Talk about food and farming

But Oli added that although it is important to talk about farming, it is equally important to shine the spotlight on food, which their on-farm butchery enabled them to do.

“All of our sheep and cattle are pasture fed and butchered and dry-aged on-site,” he said.

“So we can talk people through that process, and that completes the story.”

“Once they have tried it, most people rave about it, and they go away better informed about how the food they eat reaches their plate.

“We produce literature about our livestock to help educate people.
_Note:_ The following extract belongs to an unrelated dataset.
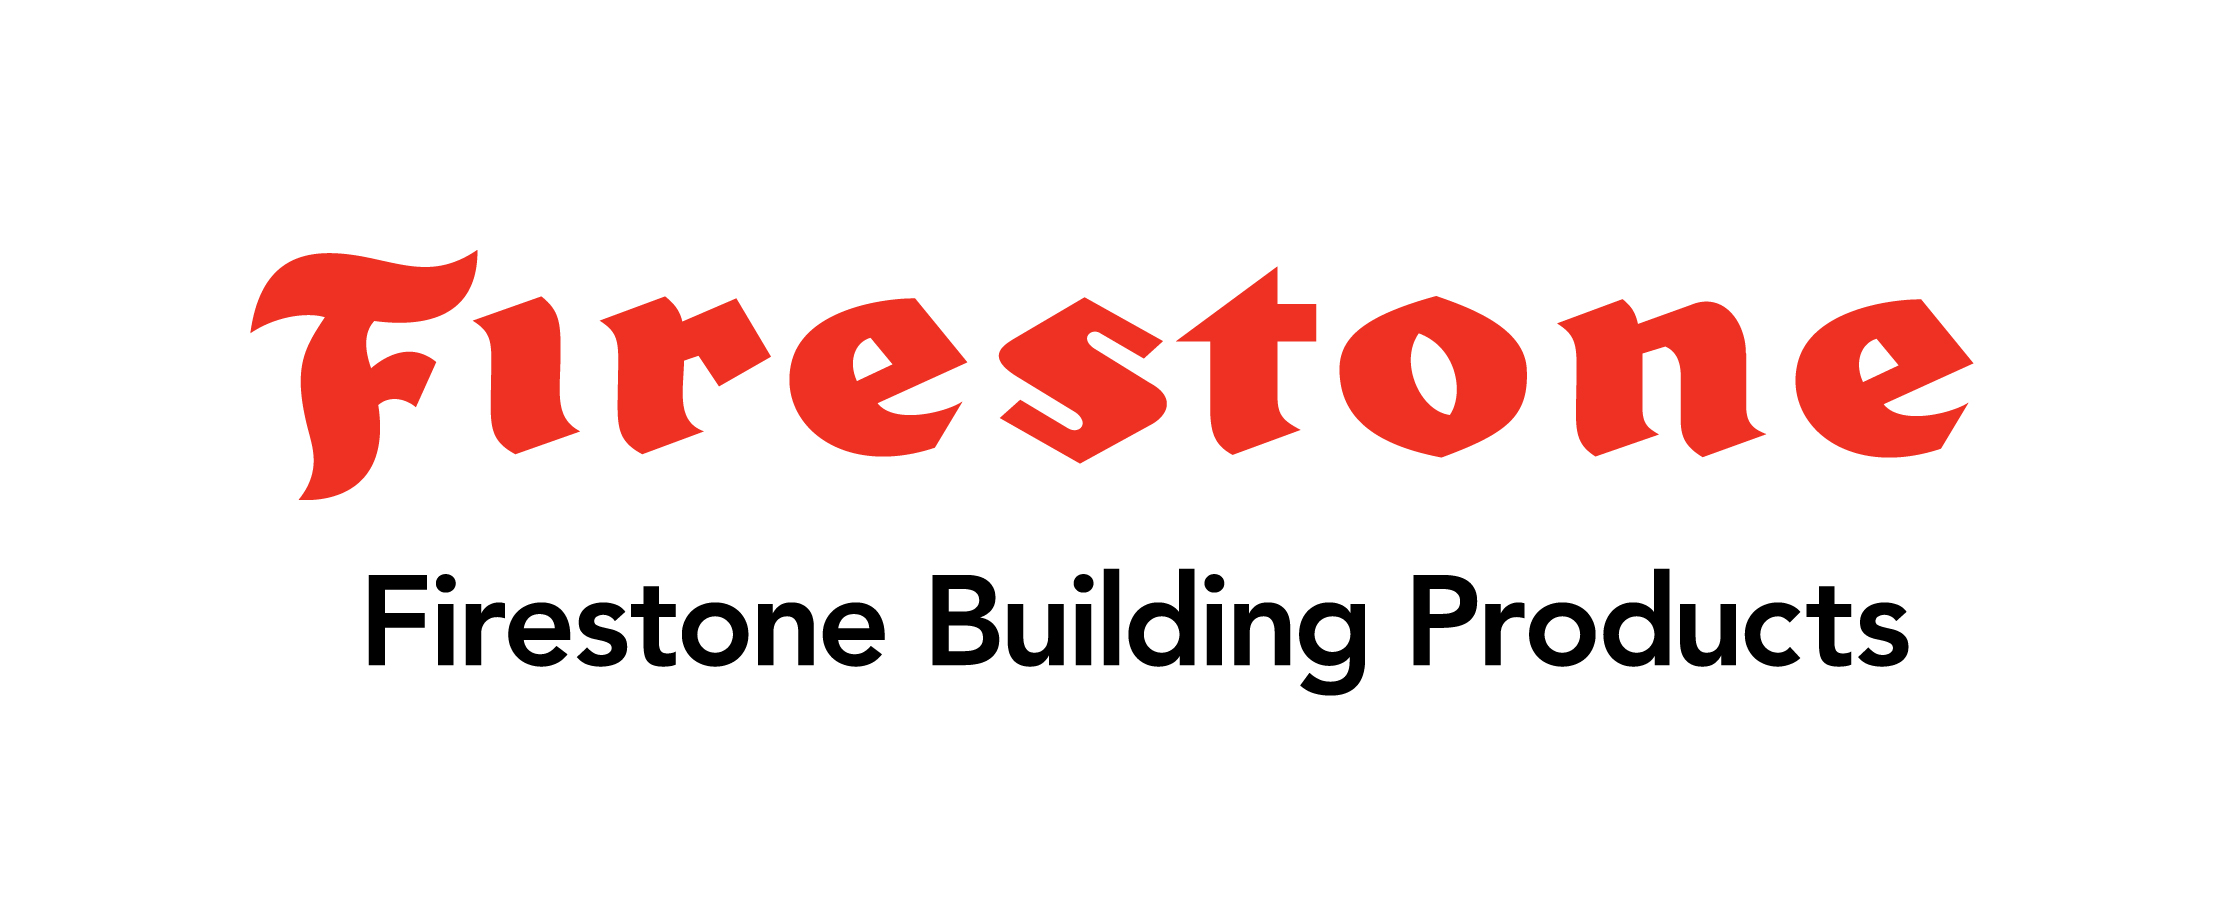 Firestone F Shield Logo - Bridgestone Brands Logos

It is all about education, and with the campsite, we have an engaged audience who are generally eager to learn.”

Yates’ comments

Dan Yates, founder of Pitchup.com – Europe’s largest outdoor accommodation provider – said many of the farm-based campsites listed on the platform report similar findings.

Since the COVID pandemic, hundreds of farmers have set up caravan and campsites in response to the increasing popularity of staycations as quick and easy diversification projects.

This is fuelling a new-found interest in farming, and how food is produced, Dan believes.

“During the pandemic, a lot of people rediscovered the British countryside, or discovered it for the first time, as a place to holiday as they couldn’t go abroad,” he said.

“And when surrounded by farm animals and experiencing a working farm first-hand, most people cannot help but want to find out more about it.”

“Thousands of positive reviews in the last year specifically mentioned how much they enjoyed being on a farm.”

“What we are now finding is people are booking to go back to farm sites year after year because they are fascinated by what goes on there and how food is produced.”

“When they return to their everyday lives, they tell their friends about what they have learned.”

“It is great for farmers as it is sparking a real interest in what they do, and for consumers who have the opportunity to learn about food production while enjoying the chance to relax in beautiful surroundings.”

Yates is expecting to see this trend continue throughout 2023 as more people spend their summer holidays exploring working farms.